ECB President Christine Lagarde on Friday made one of her most direct cases yet against euro-denominated stablecoins, arguing the risks to financial stability and monetary-policy transmission outweigh any benefit to the euro's global standing.
Speaking at the Banco de Espana LatAm Economic Forum in Spain, Lagarde pushed back against the view that Europe needs its own stablecoin ecosystem, a position Bundesbank President Joachim Nagel publicly backed in February.
"The case for promoting euro-denominated stablecoins is far weaker than it appears," she said.
The core of her argument was a separation between what she called the monetary function of stablecoins — extending reserve-currency reach — and their technological function, which she said can be served through public infrastructure anchored in central bank money.
Europe's task, she argued, is not simply to "replicate instruments developed elsewhere."
The specific trade-offs she cited include bank runs and de-pegging events of the kind that rippled through markets during the 2023 SVB-Circle episode, deposit substitution that narrows the bank lending channel in Europe's bank-dependent financial system, and broader fragmentation risk.
She also referenced an ECB working paper from March that warned widespread stablecoin adoption would pose major risks to euro-area banks and the institution's monetary sovereignty, particularly when linked to foreign currencies.
Lagarde pointed instead to the ECB's own tokenized wholesale settlement projects — Pontes and Appia — as the appropriate infrastructure for Europe's digital finance ambitions, alongside deeper capital markets integration through the savings and investments union.
Familiar rhetoric
The speech extends a consistent pattern from the President of the European Central Bank.
Back in September 2025, Lagarde urged stricter oversight of non-EU stablecoin issuers at a conference, calling for tighter MiCAR enforcement to prevent foreign issuers from exposing EU reserves to runs.

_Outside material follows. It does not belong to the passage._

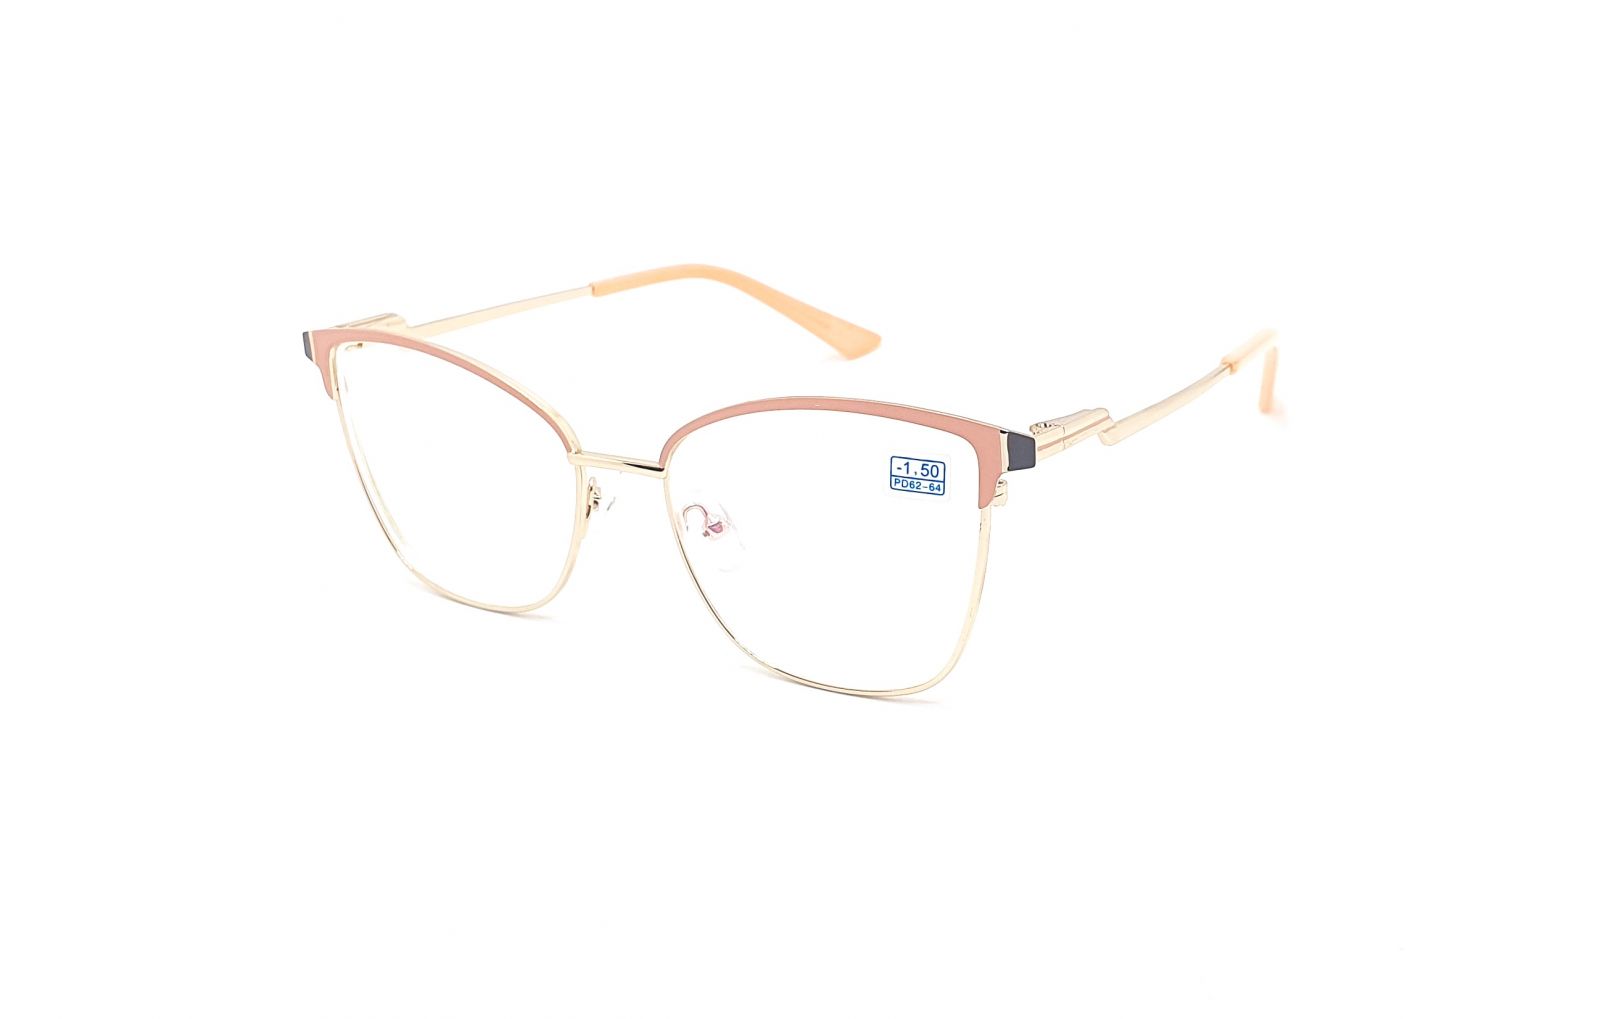 Dioptrické brýle 6861 / -4,00 beige/gold s antireflexní vrstvou Flex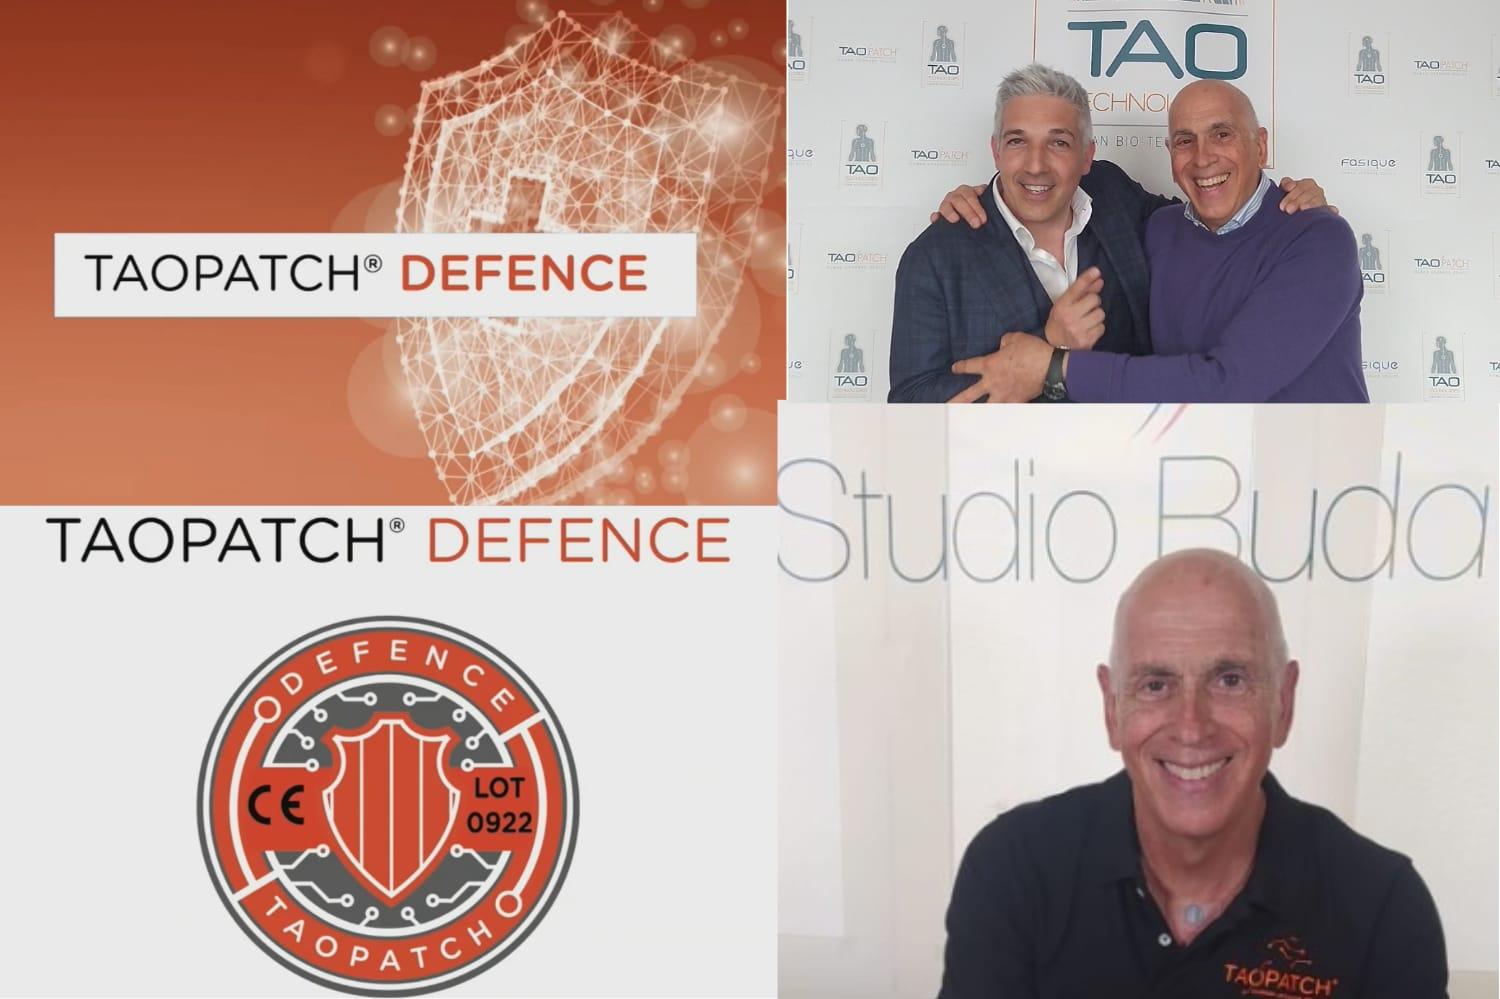 Dopo i successi ottenuti tra malati ed atleti, nasce "Taopatch Defense" per persone costantemente a rischio. Intervista al dottor Massimo Buda di Napoli.

Her warnings on stablecoins also stretch back to at least 2023, when she argued they posed greater privacy risks than a digital euro, The Block reported.
Friday's speech sharpened that long-running skepticism into a direct challenge to the euro stablecoin case specifically.
The escalation in Lagarde’s rhetoric is notable given the growing momentum among European banks and payment firms toward rolling out their own products under MiCAR.
A consortium of 12 major European lenders is already moving to compete in that space. Operating under a Netherlands-based joint venture called Qivalis, the group is targeting a commercial launch of a MiCA-regulated, euro-denominated stablecoin in the second half of 2026.
The debate plays out against a lopsided market.
USD-backed stablecoins account for the overwhelming majority of total stablecoin supply, while non-dollar-denominated tokens represent a fraction of the market, according to The Block's data dashboard.